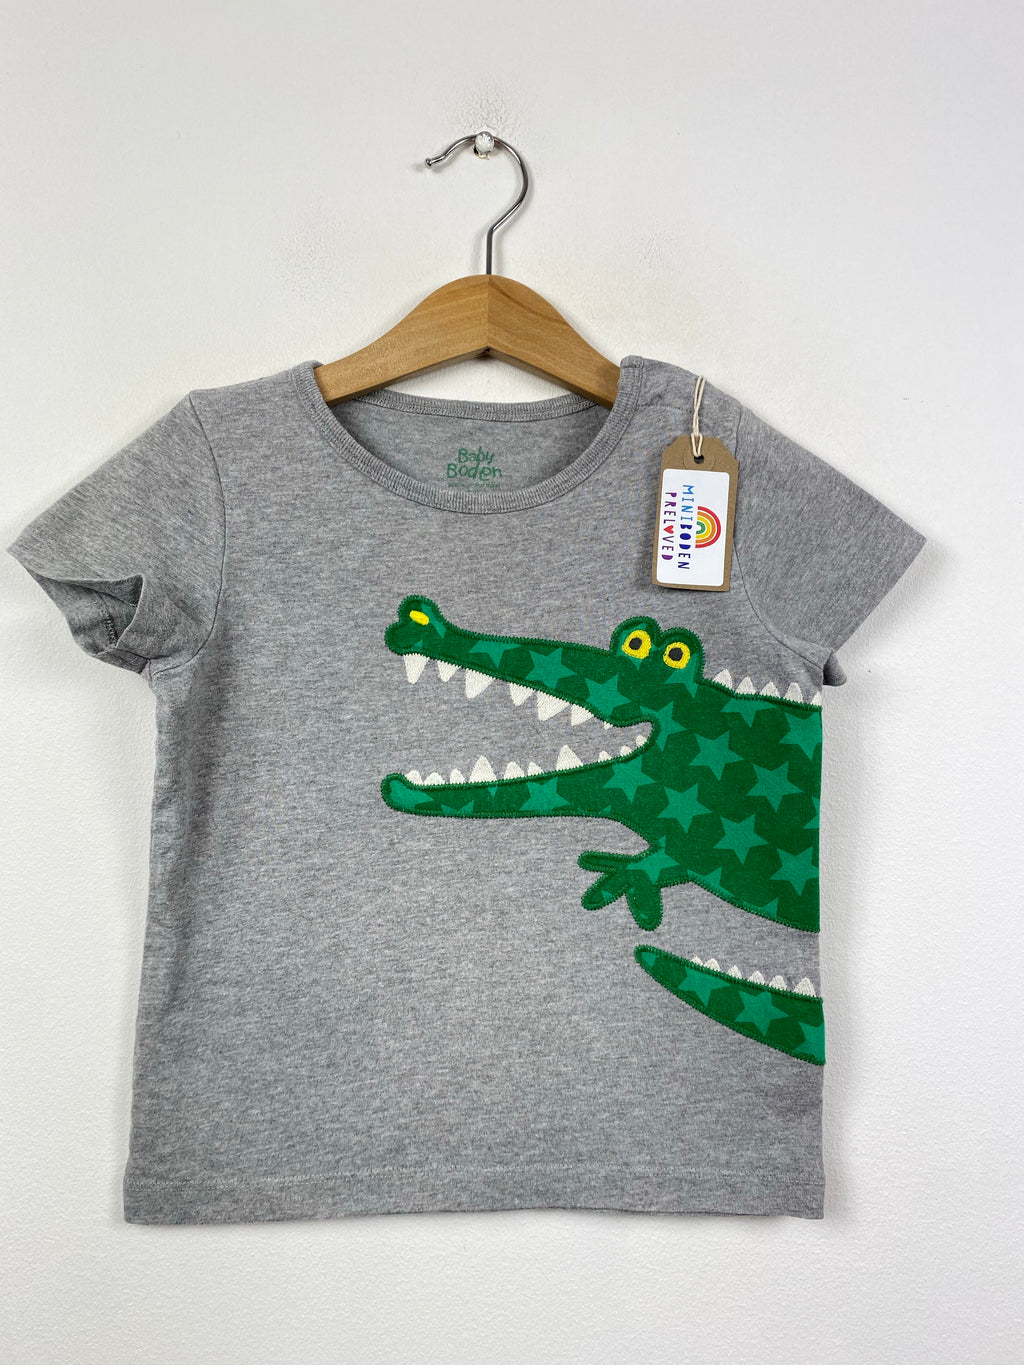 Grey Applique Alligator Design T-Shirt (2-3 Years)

++++++++++

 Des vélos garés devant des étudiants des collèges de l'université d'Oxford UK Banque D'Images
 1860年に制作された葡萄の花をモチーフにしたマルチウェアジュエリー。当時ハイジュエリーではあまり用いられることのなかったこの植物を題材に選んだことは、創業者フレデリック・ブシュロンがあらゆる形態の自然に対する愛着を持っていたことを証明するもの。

++++++++++

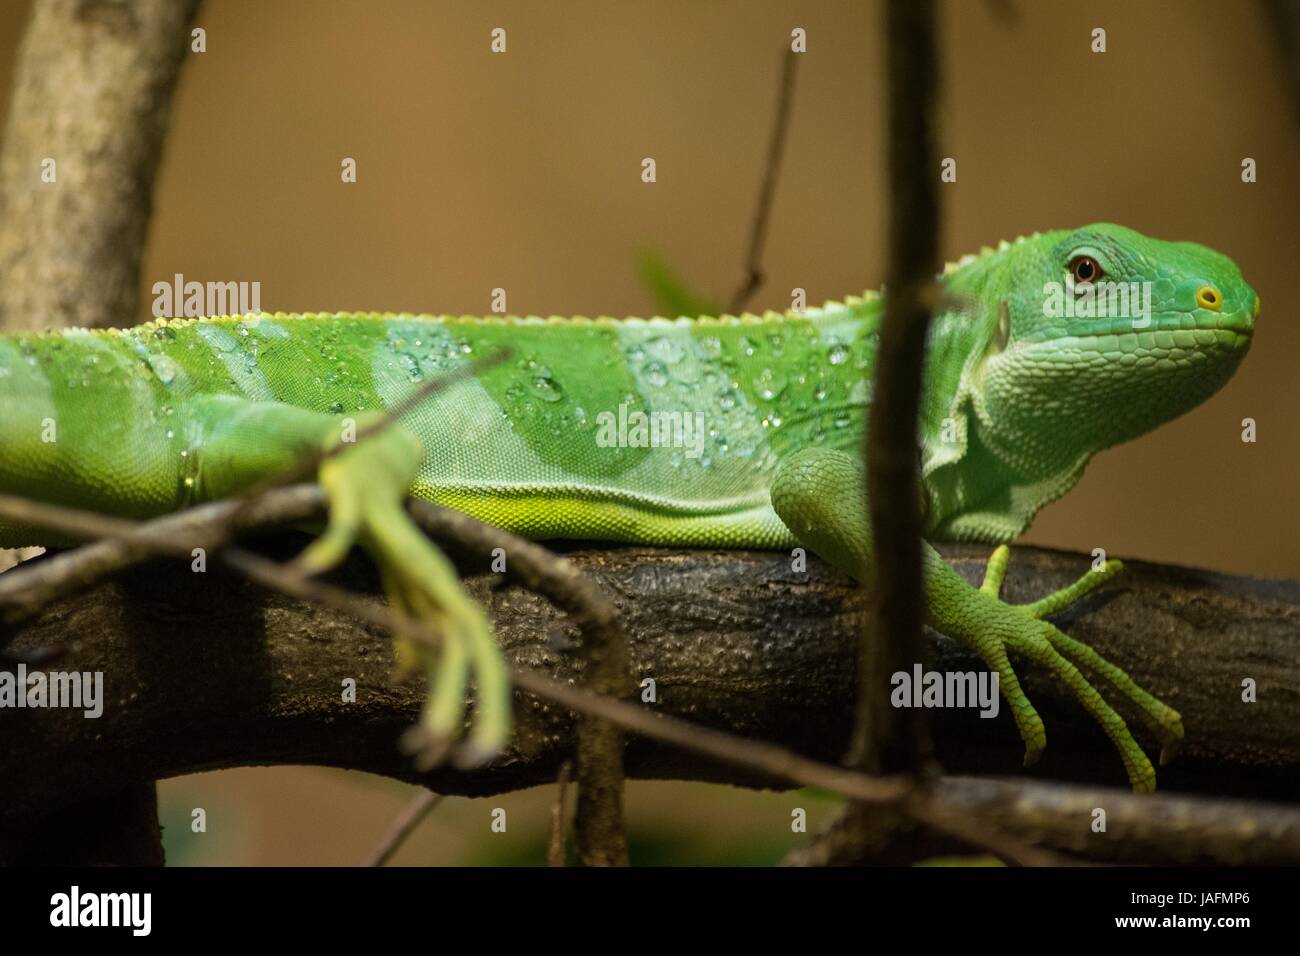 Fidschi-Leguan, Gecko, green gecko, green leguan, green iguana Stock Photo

++++++++++

__WORK REQUEST__: An exact, complete copy of the lines above from the one with "Des vélos garés" through the one with "1860年に制作された葡萄の" is the whole answer.

__ANSWER AREA__:
 Des vélos garés devant des étudiants des collèges de l'université d'Oxford UK Banque D'Images
 1860年に制作された葡萄の花をモチーフにしたマルチウェアジュエリー。当時ハイジュエリーではあまり用いられることのなかったこの植物を題材に選んだことは、創業者フレデリック・ブシュロンがあらゆる形態の自然に対する愛着を持っていたことを証明するもの。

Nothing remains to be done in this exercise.